Thursday, December 1, 2016

The Oregon Coastal Mountains

Bear Camp Road

Searching for quiet, beautiful backroads with amazing views, moderate temperatures, and good roads? Look no further than the Oregon Coastal Mountains! Want a side of blackberries and clouds of mosquitoes on the side? Once again, you're in luck!

These roads are some of the least-traveled I've ever found. Save for a few logging trucks rumbling around the hillsides, you can go a whole ride without seeing more than a dozen cars. Advance ride planning is very difficult unless you're willing to travel on many rough gravel roads. While there are great paved routes, every road is so small pavement can be hard to distinguish on satellite images. Fortunately, along with the routes I provide, this blog has a few routes in the area and many more in the greater Oregon/California region. Read on for insight on lodging, climbing, and eating blackberries.
Bear Camp Road 
Climbing: Bear Camp Road receives universally glowing reviews from my polling group (n=3). Whether you want a huge climb (over 4500 ft), wildlife (I saw 2 black bears and 2 falcons), or amazing views, this road has it all. The west side is a fairly continuous climb of 5.3% for 16 miles. The east starts with a challenging section of 6.8 miles at 7% before mellowing for the last 1500ft of climbing. With little shade, try to avoid the steep east side on a hot, sunny day. Doing both sides of the climb in a single day is a massively difficult but enjoyable undertaking. Make sure you have plenty of food and water as none is available anywhere on Bear Camp Road and requires a detour on both ends.
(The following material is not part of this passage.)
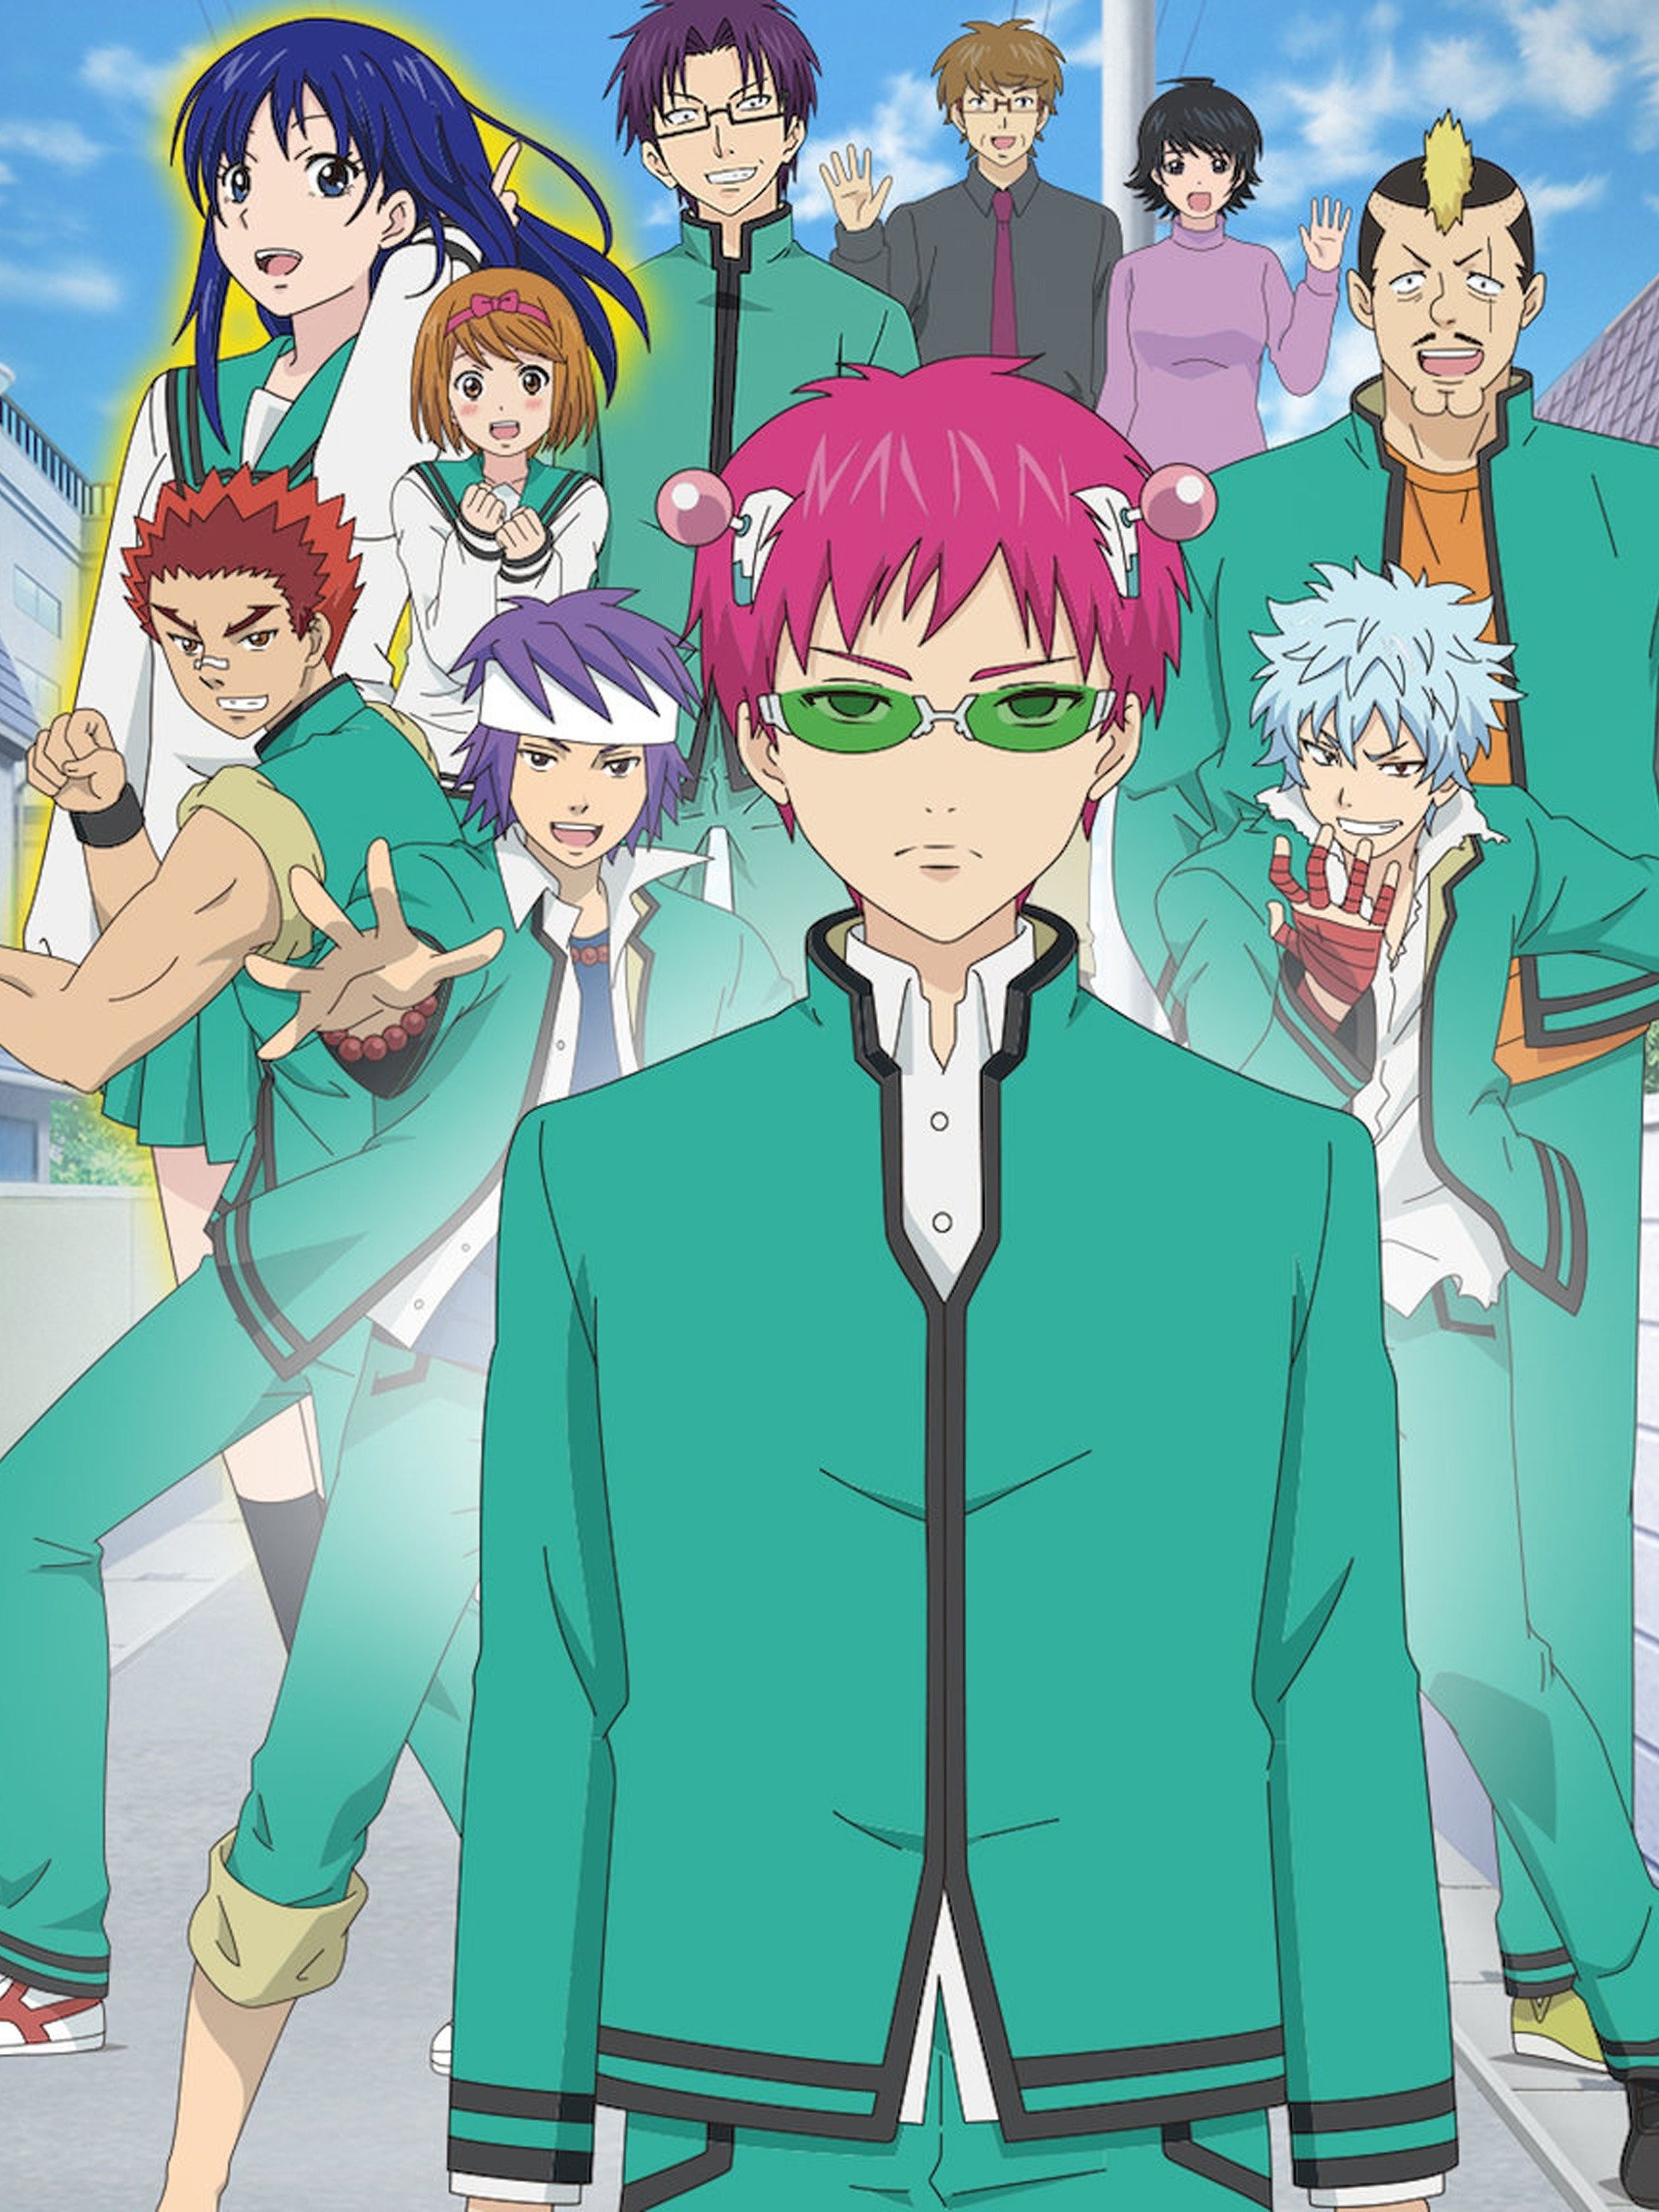 How To Build a Series: The Disastrous Life of Saiki K. Reawakened |  Confessions of an Overage otaku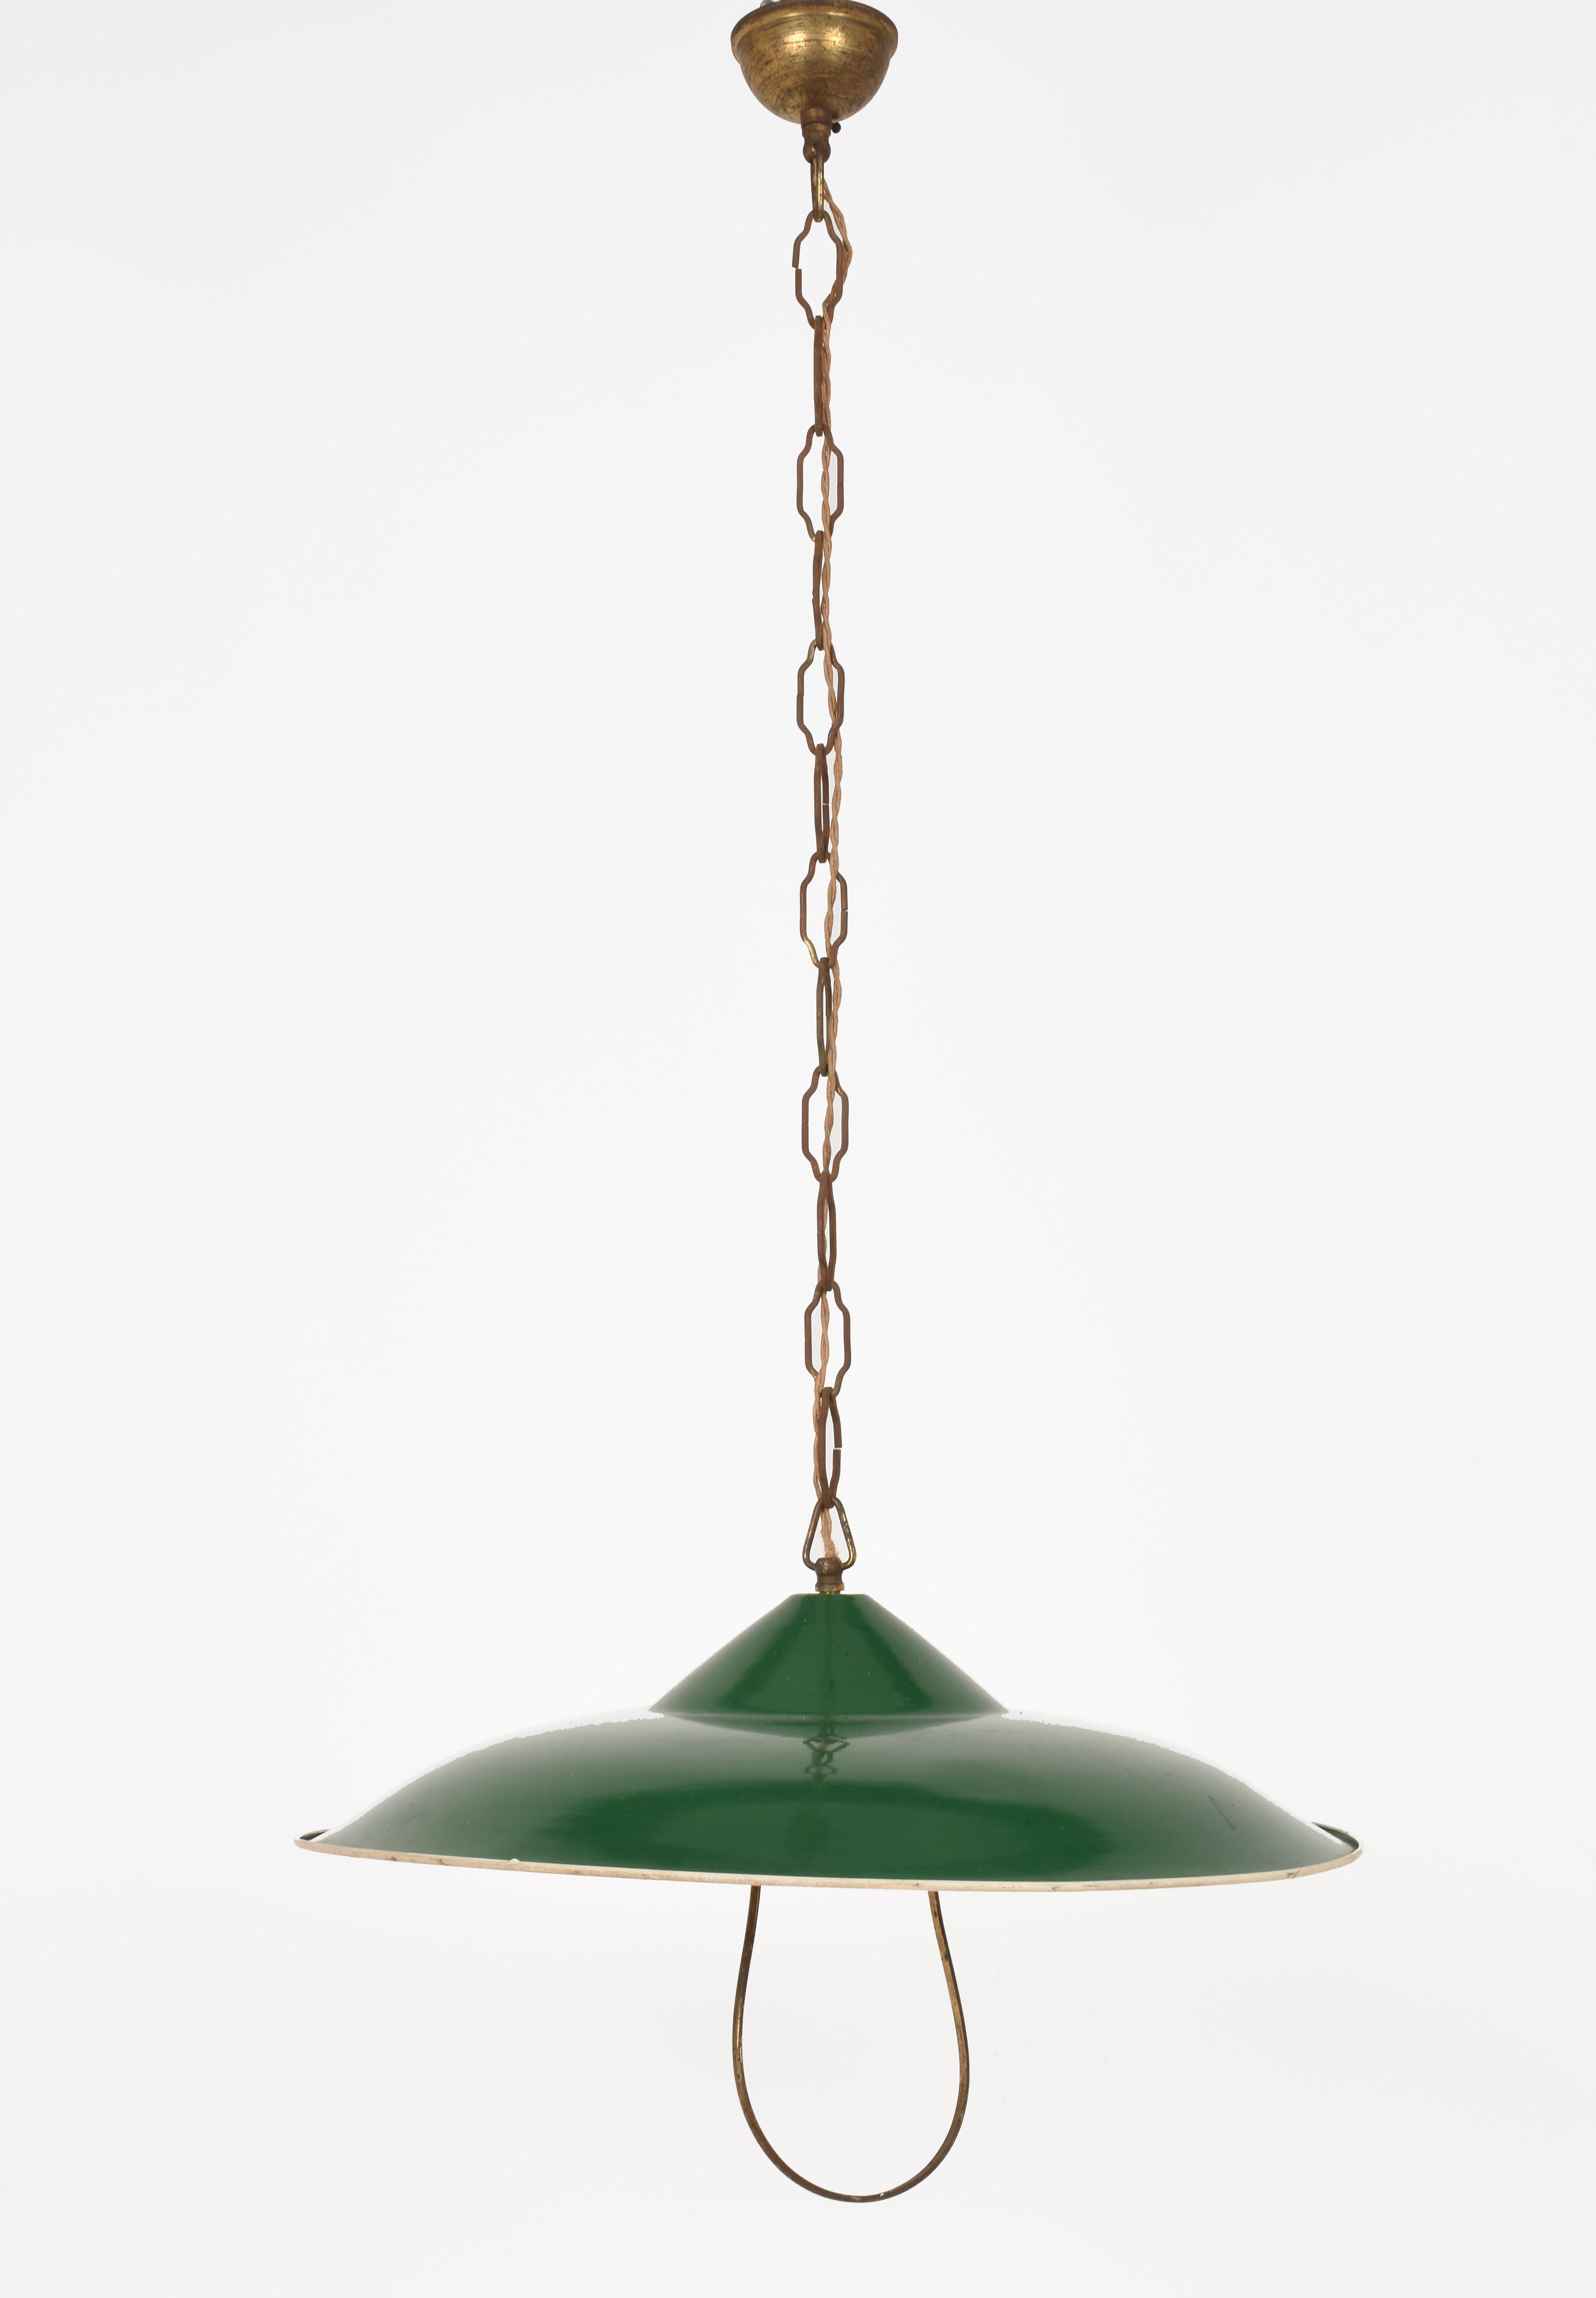 Mid-Century Modern Chandelier in Green Glazed Metal Pendant Italy, Industrial Style of the 1950s For Sale

If I only had time for one side, the west has a better climb for pacing, better views, and more shade. But this road is worth taking some time for.
Bear Camp Road

Tour de Fronds
 Lodging and Eating: If visiting in mid-July, stay at the Foster Bar Campground. With plentiful wild blackberries and few fellow campers, this is a place you could spend some time. Stock up on berries every morning, every trip to the bathrooms, every dinner, whenever you're hungry, when you're not hungry but see a nice berry... Delicious, ripe, and one of the highlights of our time in the region. There is also the Cougar Lane Lodge a bit south on Agness Road.

On the eastern side of Bear Camp Road, the Galice Resort has water and ice cream. Stock up on calories if heading back over Bear Camp, you'll need some energy to repeat that climb.

In general, small campgrounds litter the area and all supply water and a place to set up camp.

Ghost Town: From Galice, head north on Galice road and continue onto Lower Graves. Follow the route to the ghost town of Golden. While I haven't had the chance to ride this route myself, the bestrides site regards it highly.
Tour de Fronds
Isolation: The Tour de Fronds is a route I borrowed from Jay Rawlins and it is a beauty! There are a variety of rides in the area all under the Tour de Fronds umbrella but many include gravel. Surprisingly, this route is entirely paved, though road quality varies. Bring water, food, and a flat repair kit - there are no nearby services. Besides a few clear cut slopes, the area is full of dense forest and mossy roads. Make sure you have a good map of the area or a route on your GPS before heading out, this is not a good place to get lost. Warnings aside, these roads are the most isolated riding I've ever found. Forget about staying to the right, the whole road is yours. In areas, ferns cover the ground and a clear river flows alongside the road.

If you miss your qualification for the big race in France, it's Oregon namesake is a ride that will provide ample time for reflection and meditation. Just ride faster than the mosquitoes!

Tour de Fronds

Cougar Reservoir on the Aufderheide Highway
Descending: McKenzie Pass is one of the better descents I've ridden. With a number of switchbacks and swooping curves, it presents a technical challenge.  Add in the lower section where I neared 50 mph and this descent has a little of everything.  Starting at the bottom (on either side: Route 126 or Sisters, OR), enjoy a long climb for around 20 miles. At the top, take in the view atop the strange black tower built of the local Igneous rocks. Peering out across the lava fields, many mountains are visible including the Three Sisters, Mt. Jefferson, and Mt. Washington. Then, head west down the descent to Route 126 and after a few miles of slowly rolling descent, the real fun begins!

Note: This road is about 100 miles north of the rest of these rides and while the roads are still beautiful, expect a lot more traffic.